Robots and updated computer systems have been added to the technology building for Key-Stage 3 lessons. The school library (now known as the LRC: Learning Resource Centre) has been updated with similar computer systems and a new catalogue of books.

At the beginning of the 2009/2010 academic year, further improvements were made to the school canteen. The kitchens were replaced with a self-service bar, and a dance floor was installed, similar to that in the school hall.

===Student Parliament===
The school's Student Parliament also has developed a strong voice representing students within the school. They are a key part of the running of the school, and ensure that the voice of students is put across and heard, and this was something that was noted by Ofsted in the 2011 Inspection. The Student Parliament is led by a single male student in Year 11, supported by the Student Leadership Team, members of which were appointed by the previous Head Students, Assistant Headteacher, and the Headteacher in June 2012.

===Performing Arts===
The Performing Arts Faculty at Friern Barnet regularly produces outstanding whole school productions. Including 'Little Shop of Horrors' (February 2011), 'Grease' (December 2011), 'Oliver!' (December 2012), 'Hairspray' (December 2013) and the new production of 'Bugsy Malone' which was held in December 2014.

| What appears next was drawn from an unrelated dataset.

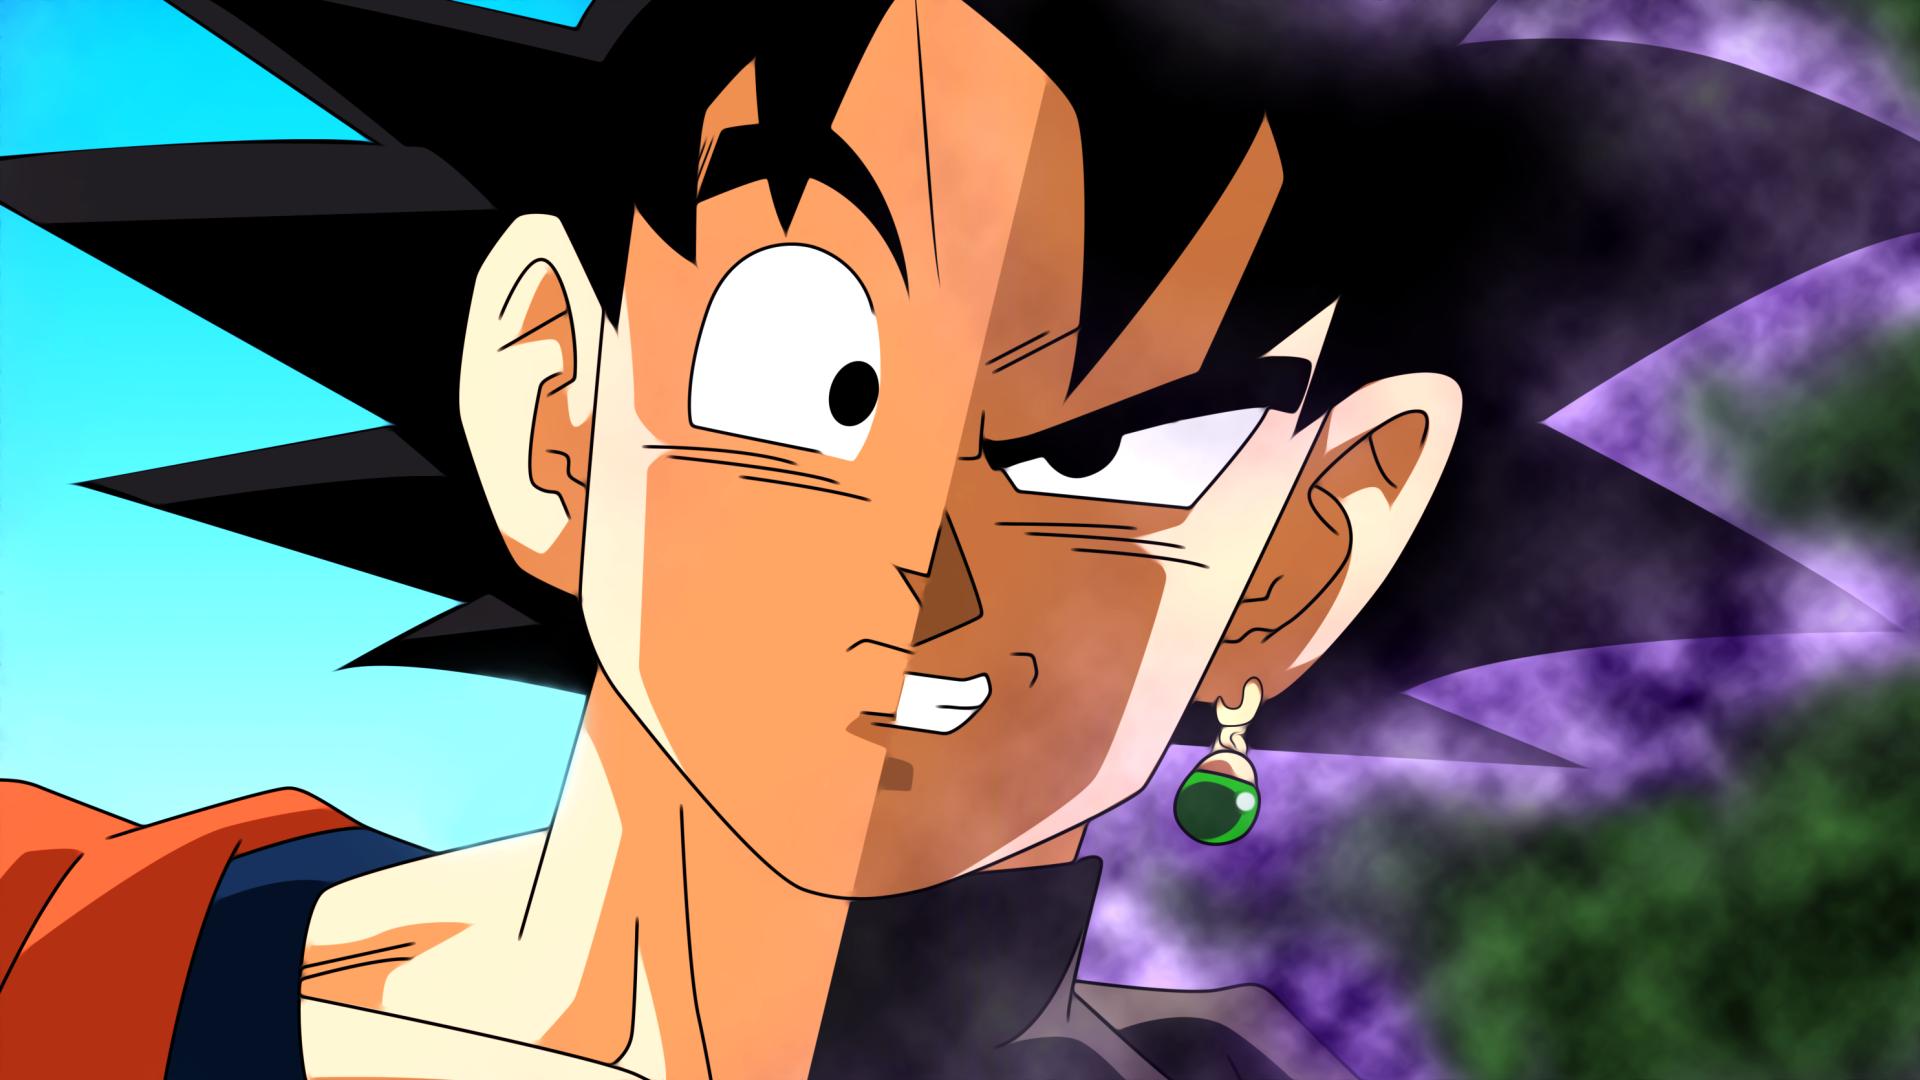 Anime - Dragon Ball Super  Goku Dragon Ball Black Goku Black (Dragon Ball) Fond d'écran
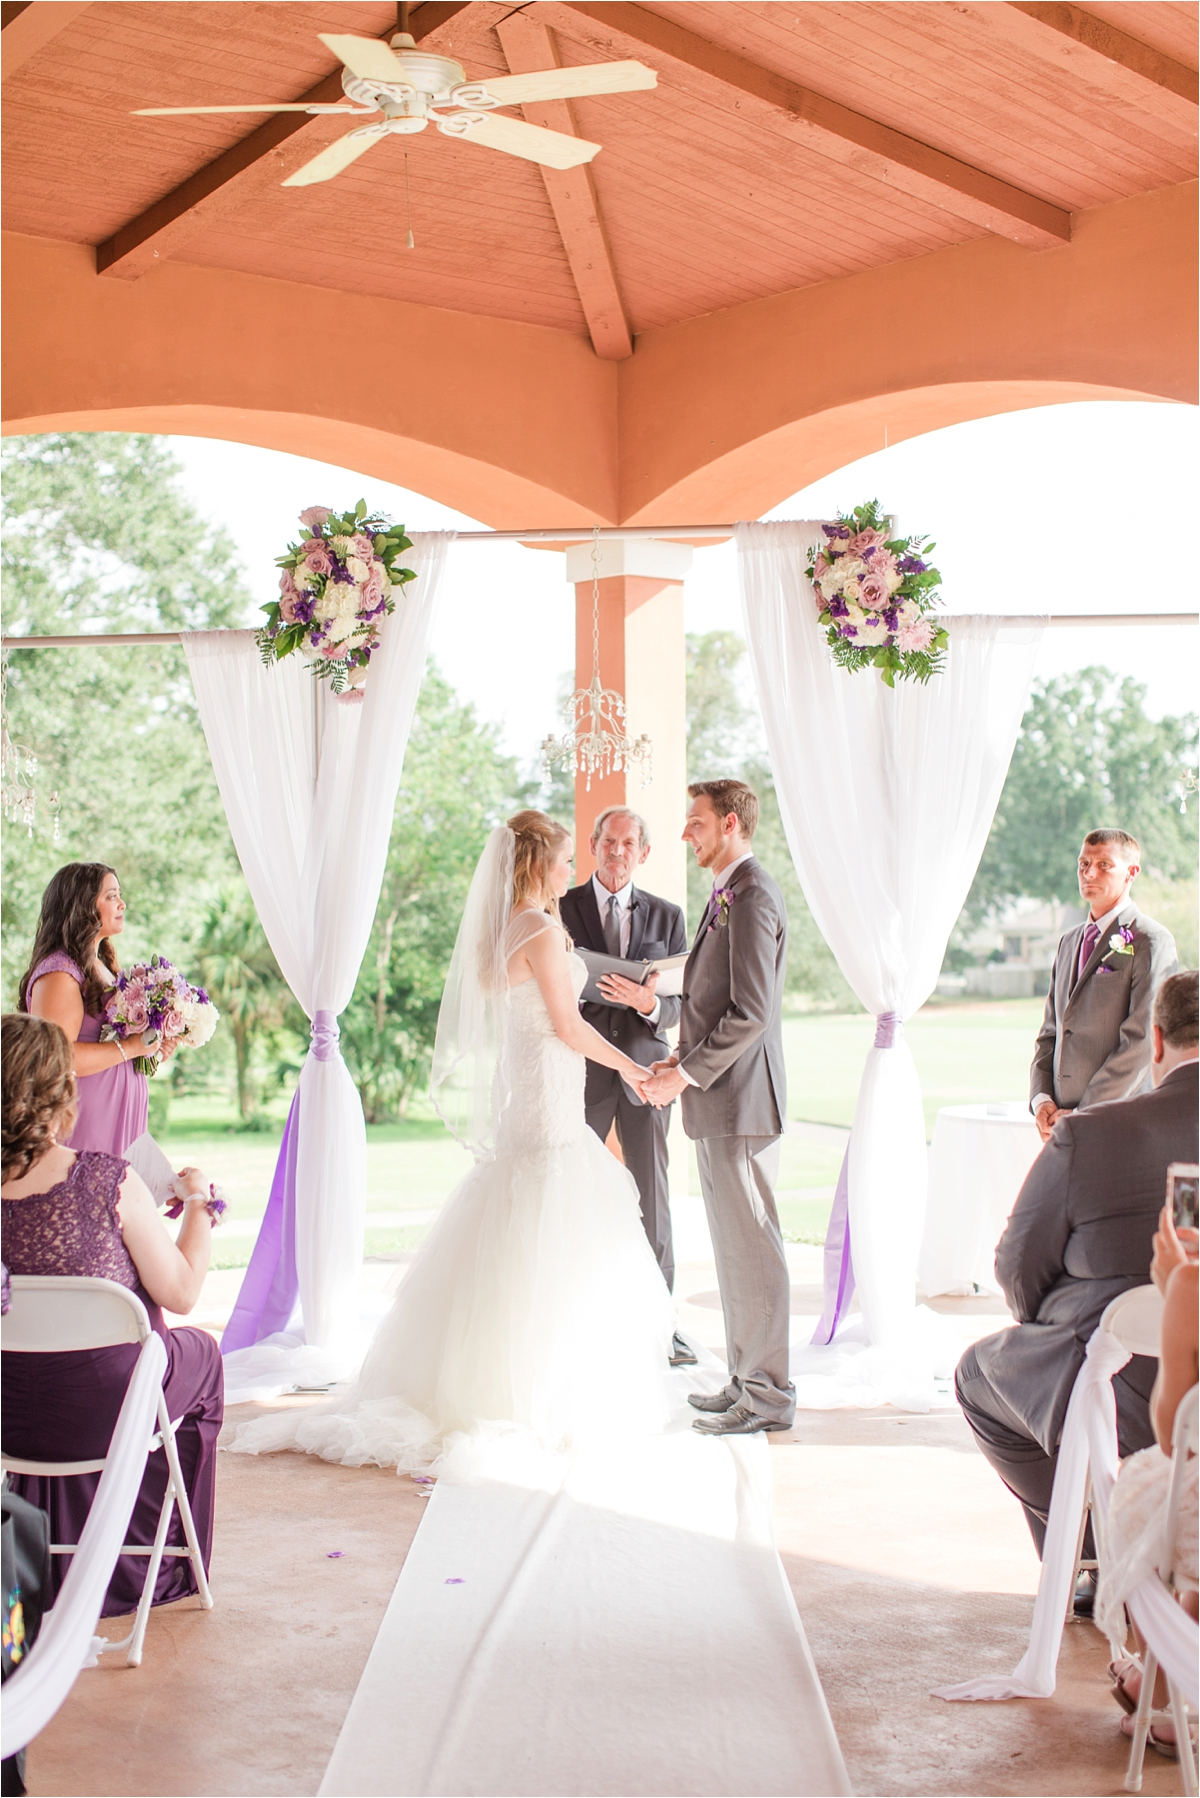 photos-bride-wedding-ceremony-alabama-photographer-lavender

The schools Glee Club entitled 'FBS FUSION' also won the Jack Petchy Glee Club challenge competition in November 2011. It involved schools across the country, with knock out stages and a Grand Final held at the Savoy Theatre in London.
The competition final was judged by TV Presenter Graham Norton and Actress Tamzin Outhwaite.

===Sixth form===
The school has a partnership with Woodhouse College which acts as the sixth form provision. The school also has links with Barnet College.